What to do →
Leaving the pictures aside, reproduce the data in full and word for word.

Source data →

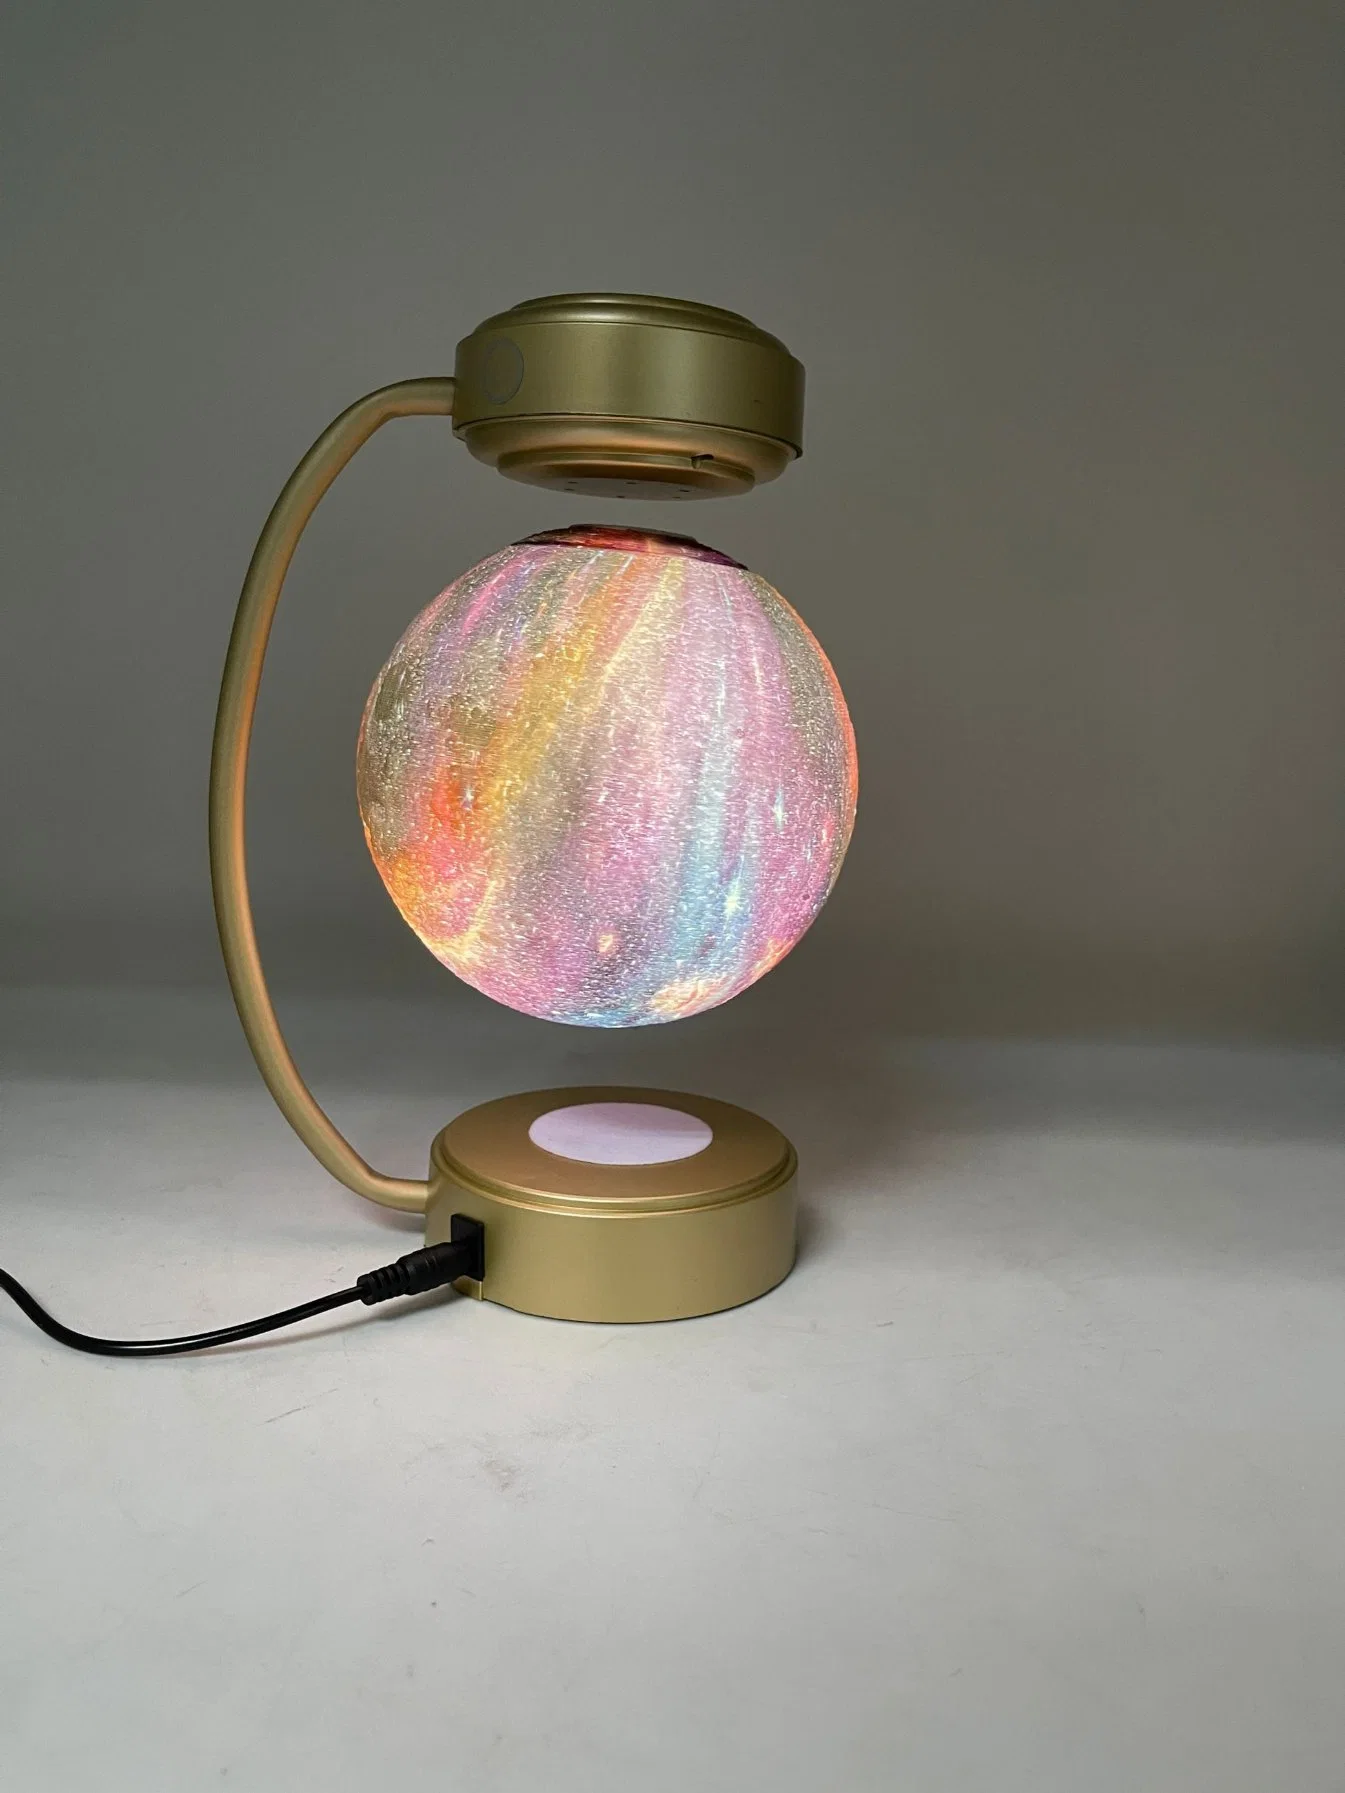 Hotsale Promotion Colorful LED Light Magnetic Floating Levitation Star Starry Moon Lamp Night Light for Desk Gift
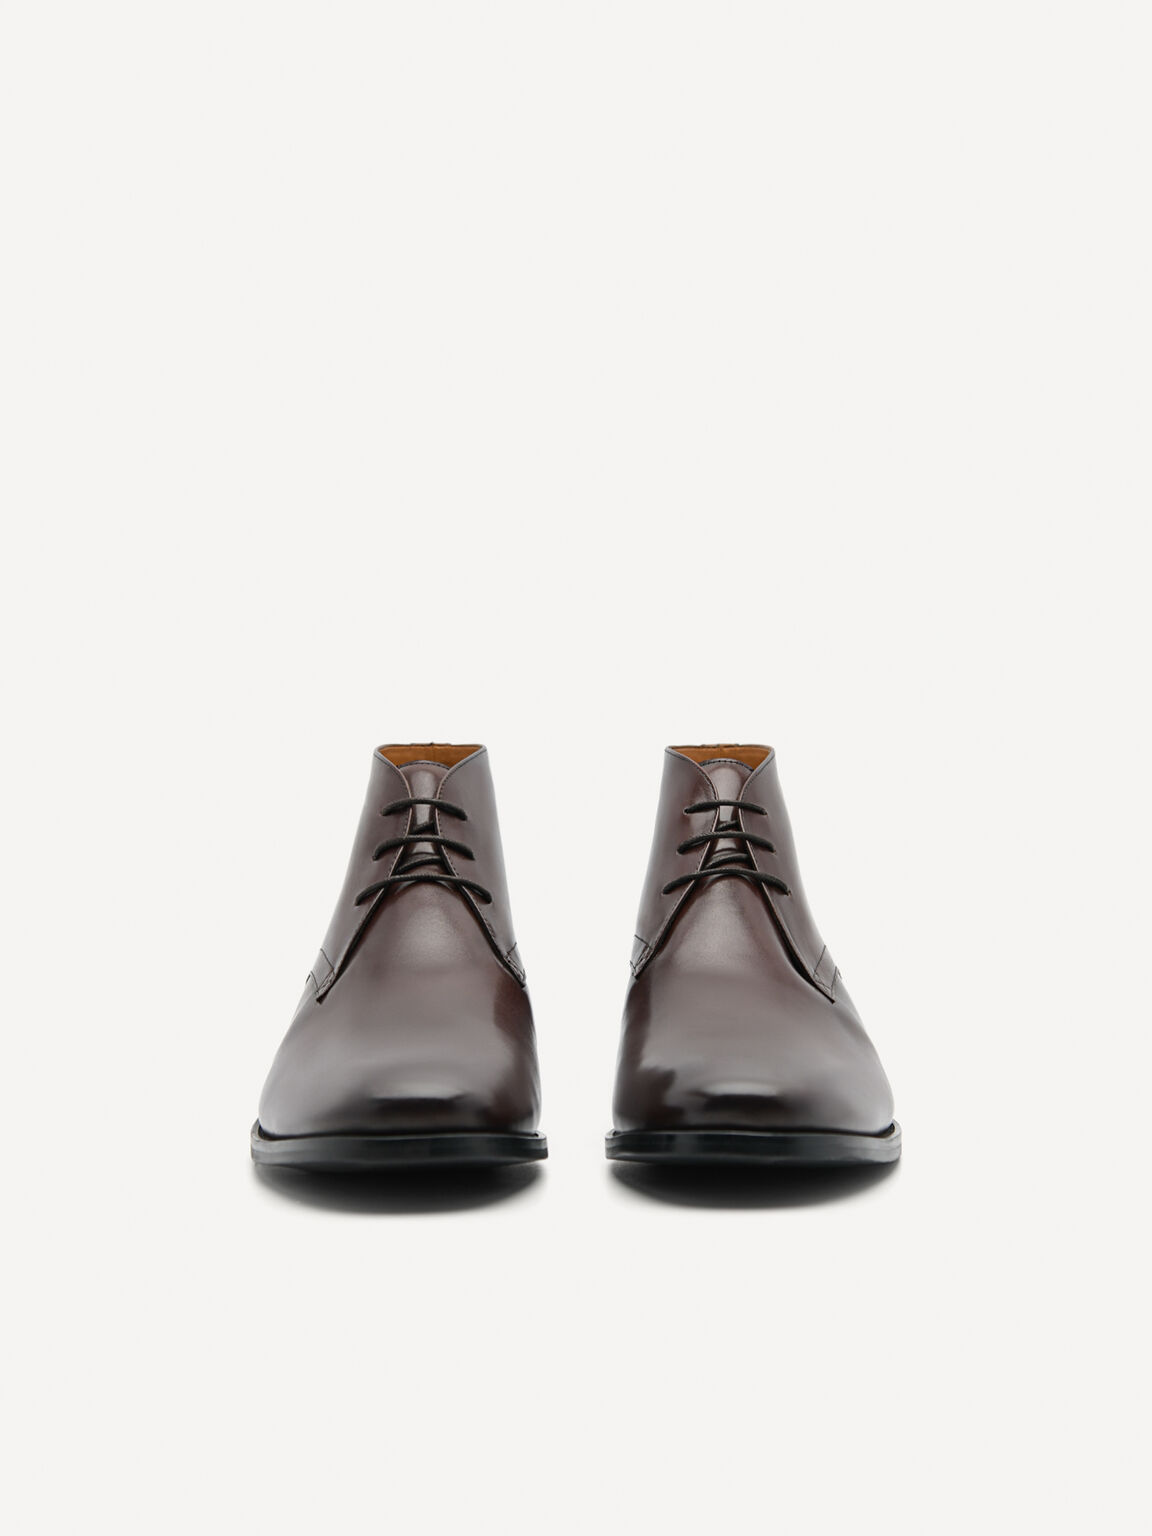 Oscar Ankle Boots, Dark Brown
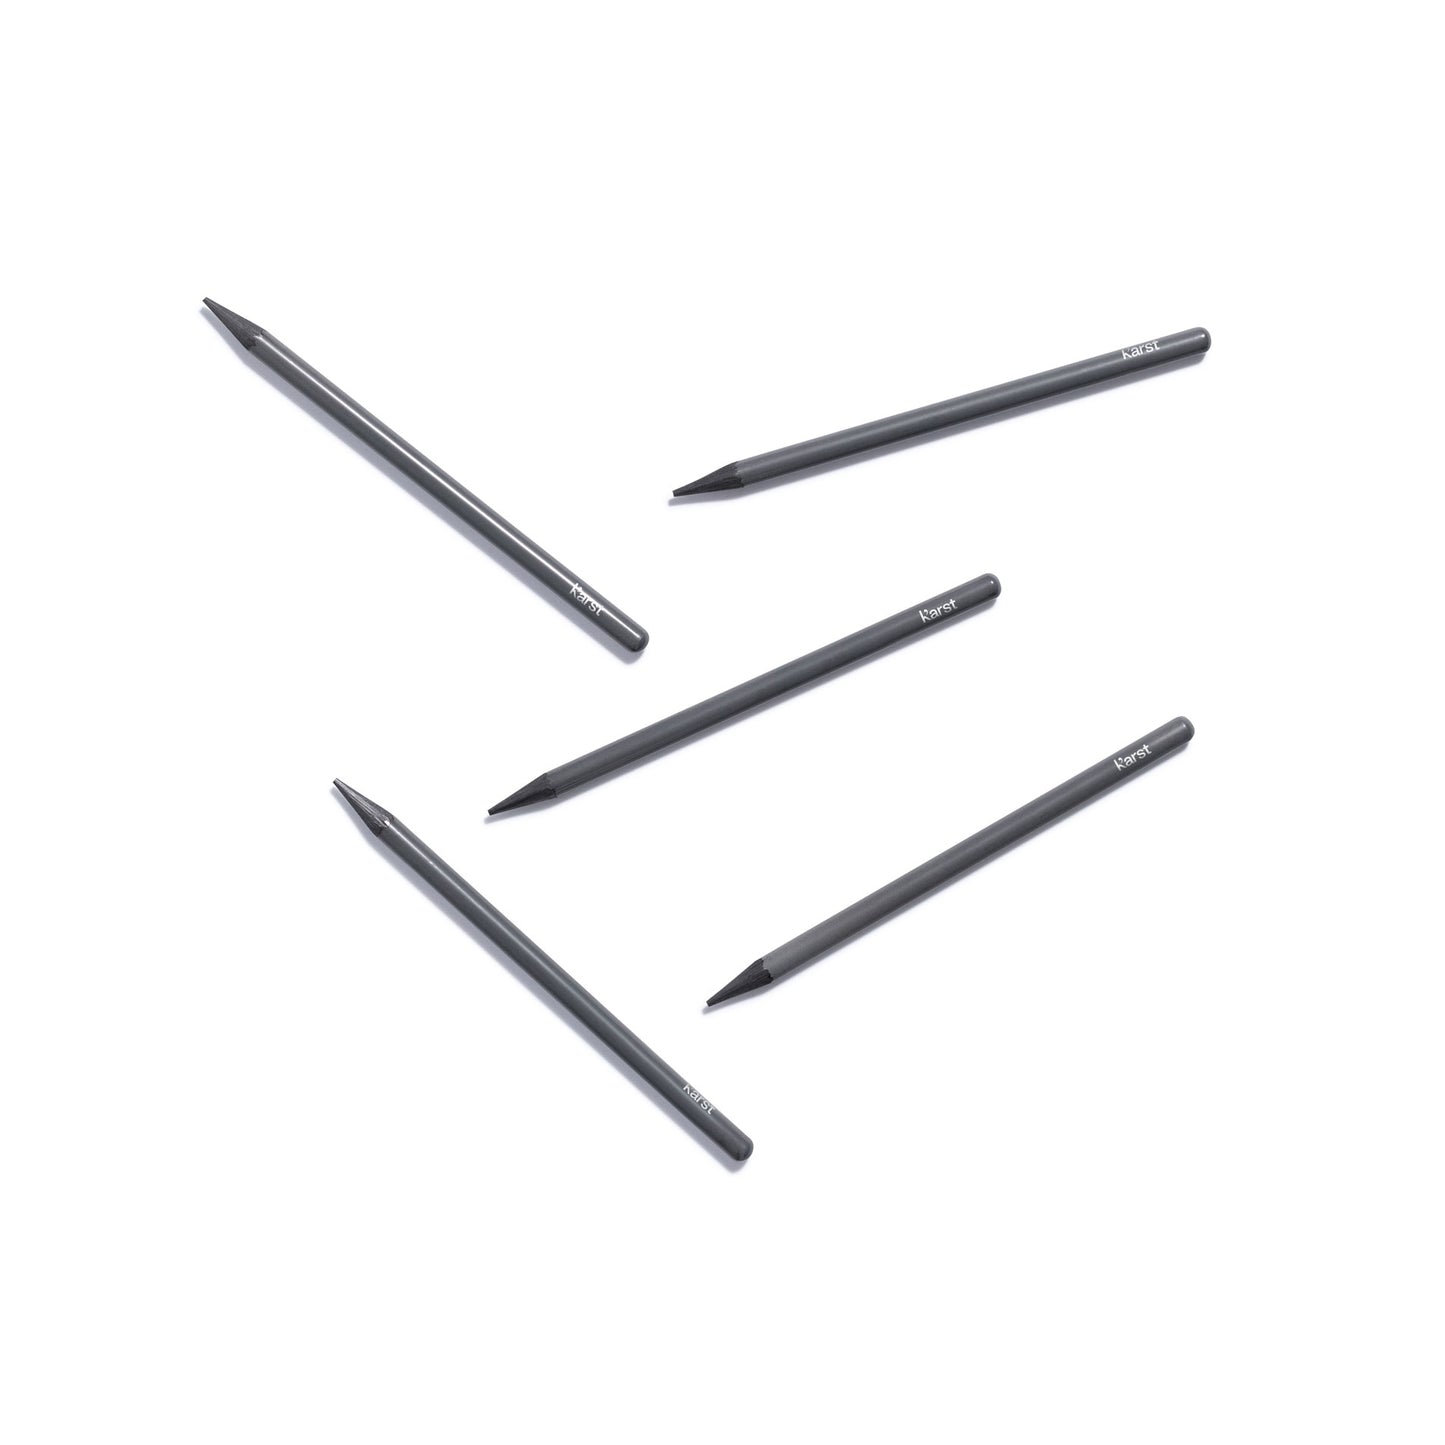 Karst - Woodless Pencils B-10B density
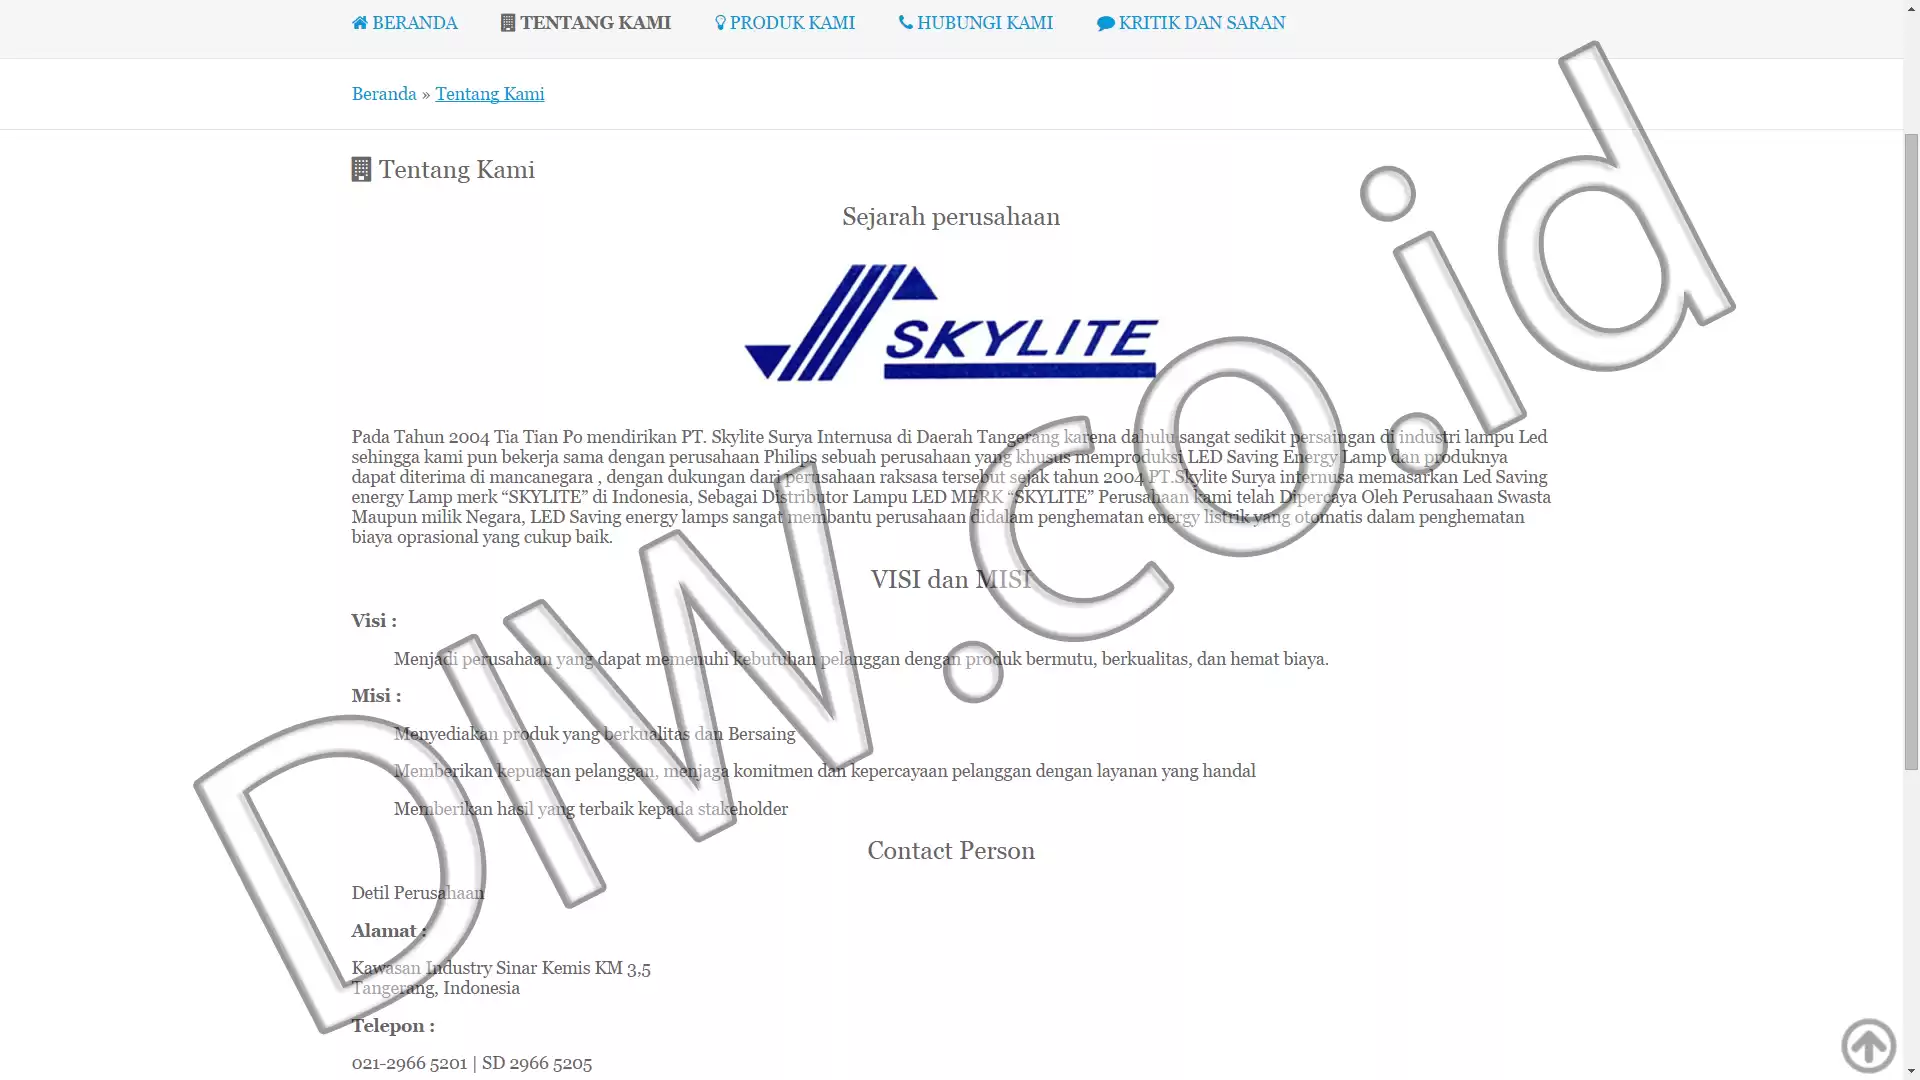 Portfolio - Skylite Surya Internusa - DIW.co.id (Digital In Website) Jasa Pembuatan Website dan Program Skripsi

Result →
 Hotsale Promotion Colorful LED Light Magnetic Floating Levitation Star Starry Moon Lamp Night Light for Desk Gift
 Oscar Ankle Boots, Dark Brown
 Karst - Woodless Pencils B-10B density
 Portfolio - Skylite Surya Internusa - DIW.co.id (Digital In Website) Jasa Pembuatan Website dan Program Skripsi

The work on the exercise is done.